Amritsar Govindsingh Kripal Singh    (6 August 1933 – 22 July 1987) was an Indian Test cricketer.

Life and career
Kripal Singh came from a famous cricketing family. His father A. G. Ram Singh was unlucky not to play for India, his brother Milkha Singh was a Test cricketer, and another brother, two sons, his daughter and a nephew all played first-class cricket. He was an attacking batsman and a useful off spin bowler.

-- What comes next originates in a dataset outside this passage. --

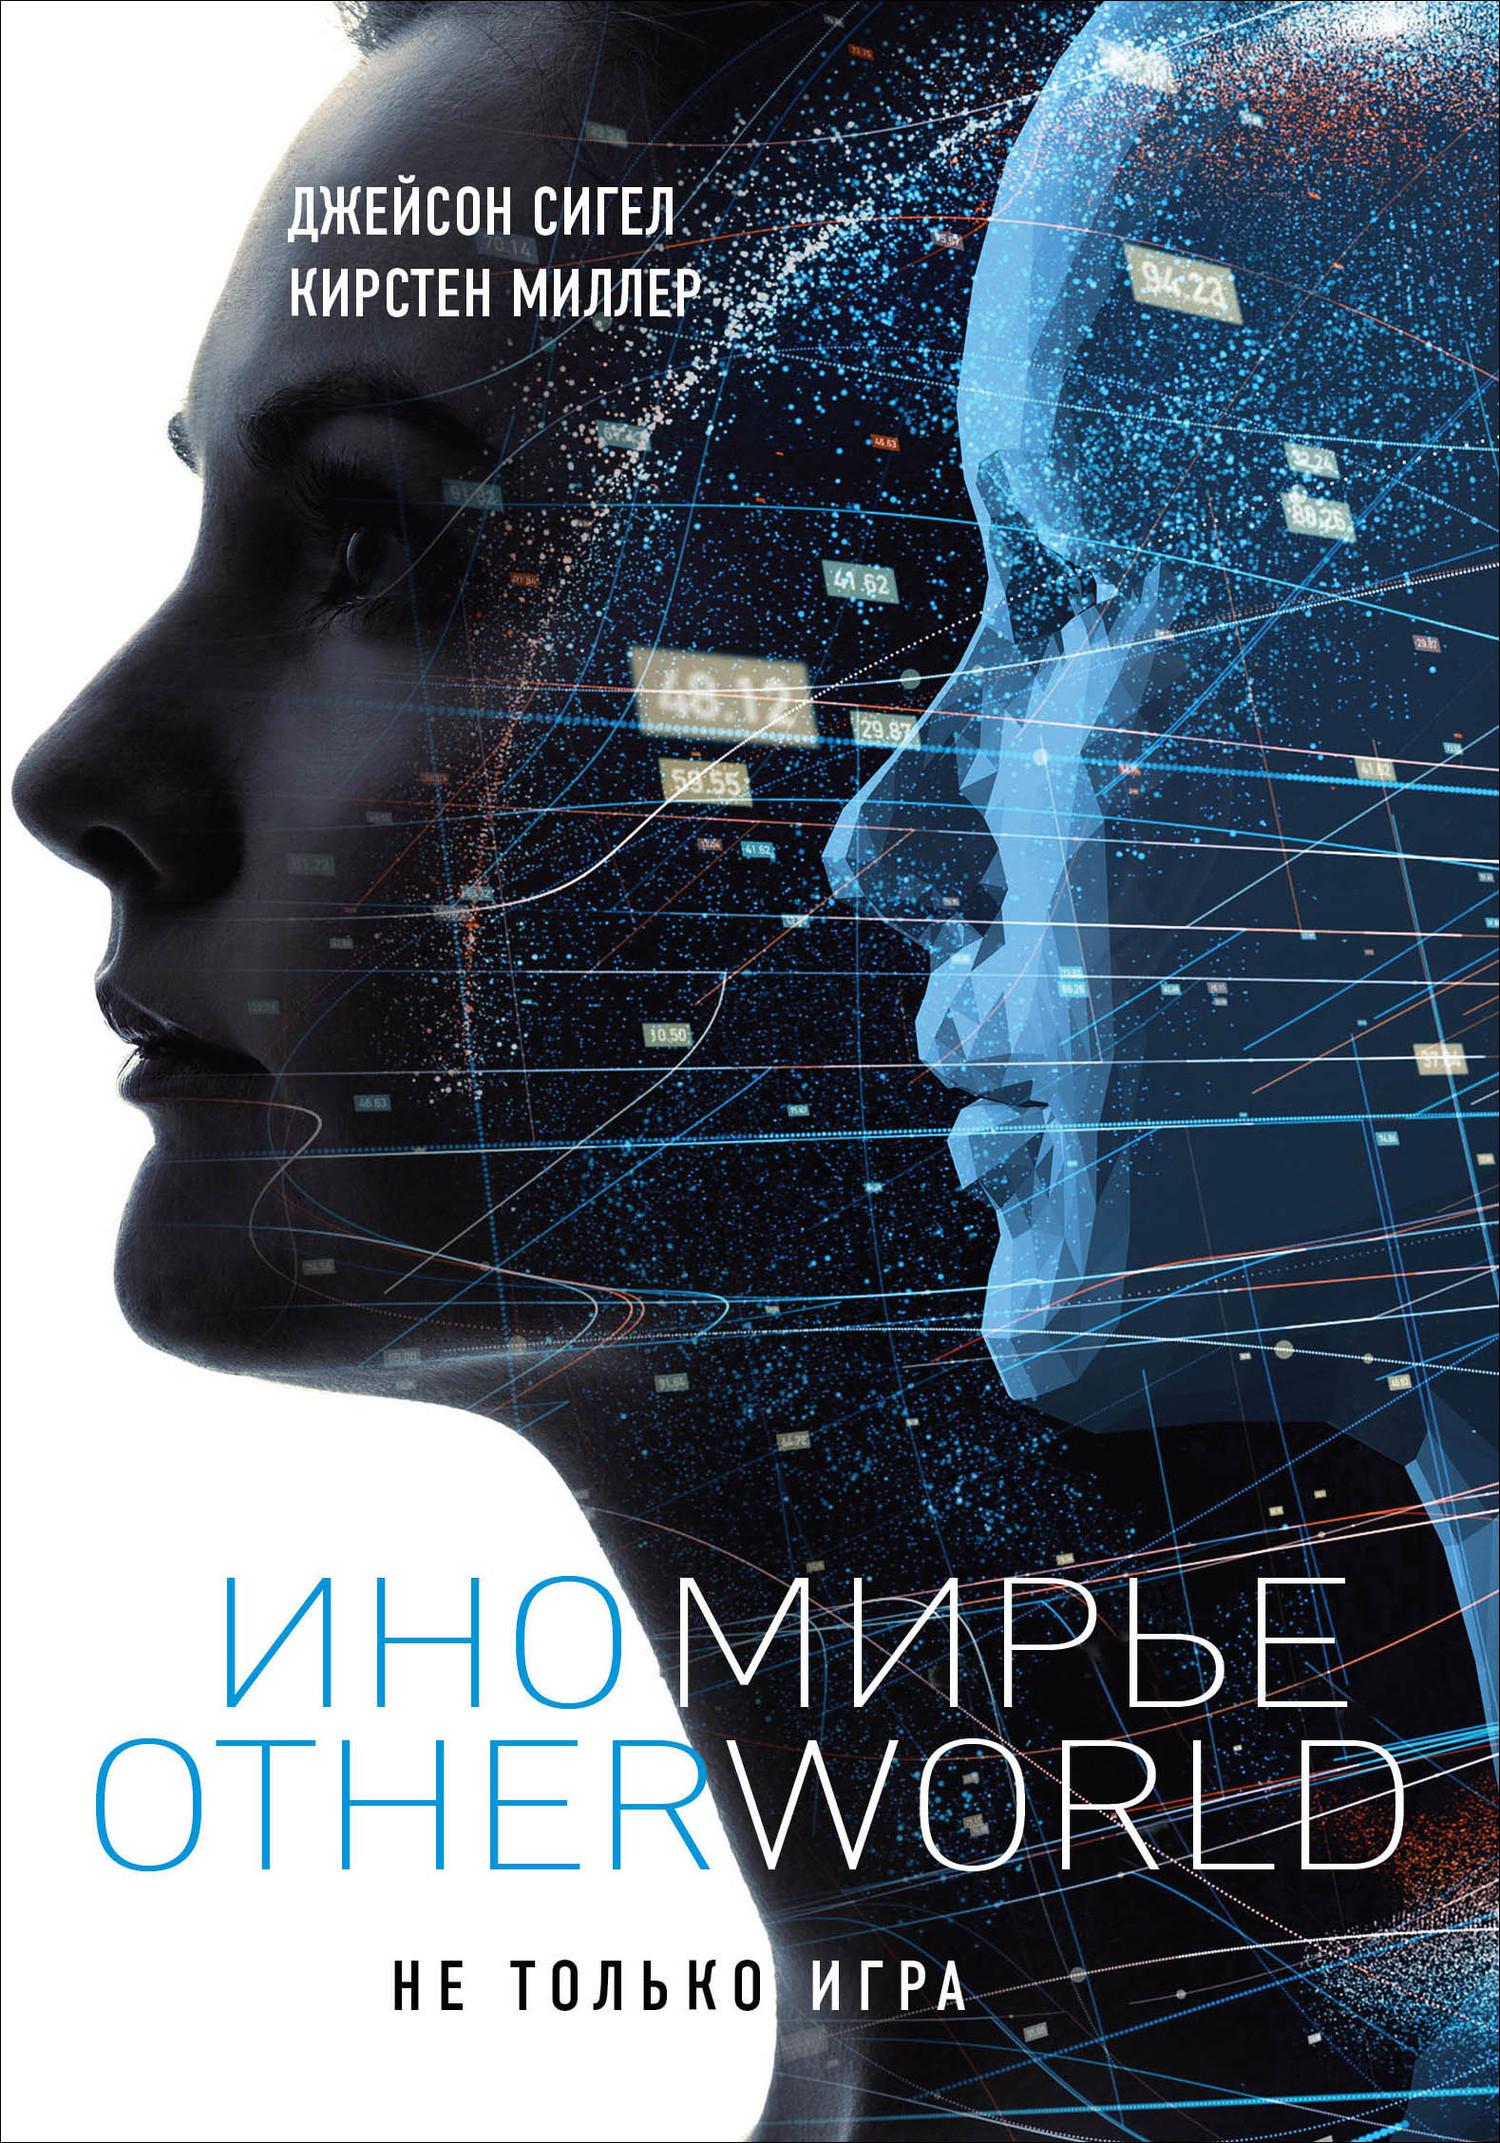 Книга  Иномирье. Otherworld e04e800f63667

He played a leading role in Madras winning the Ranji Trophy in 1954–55, scoring 636 runs and taking 13 wickets. In the semi-final against Bengal he hit 98 and 97 – the second innings runs came out of a total of 139 all out in which no one else reached double figures – and took 4 for 18 in the second innings. Kripal had university exams at the time of the final and was granted a postponement by the university. In the final against Holkar he scored 75 and 91 and seven wickets in a narrow victory. Earlier in the season he scored his career best score of 208 against Travancore-Cochin.

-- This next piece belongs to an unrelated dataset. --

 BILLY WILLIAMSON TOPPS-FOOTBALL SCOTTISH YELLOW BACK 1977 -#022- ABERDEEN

Picked for the Test series against New Zealand in the following season, he scored 100* on his debut. That was to remain his only Test hundred. He scored two other fifties, one a defiant 53 against West Indies in 1958–59.

Kripal toured England in 1959. He hit 178 against Lancashire and played in one Test where he scored 41. A finger injury severely limited his appearances. Though he remained within the sight of the selectors, his Test appearances were irregular thereafter. He played three Tests in 1961-62 and two in 1963–64, all against England. It was in the Third Test in 1961-62 that he took his first wicket in Test cricket. He had bowled 588 balls in nine innings and ten Tests prior to this, and no bowler has taken as many balls for his first wicket. In the same Test, he was involved in a scandal that ended the career of Subhash Gupte.

In one of the Test matches in 1963-64 when many English players went down with injury and illness, Kripal fielded for them almost as a permanent substitute. Towards the end of his career Kripal became more of a bowler. He captained Tamil Nadu, and South Zone in the first ever Duleep Trophy match.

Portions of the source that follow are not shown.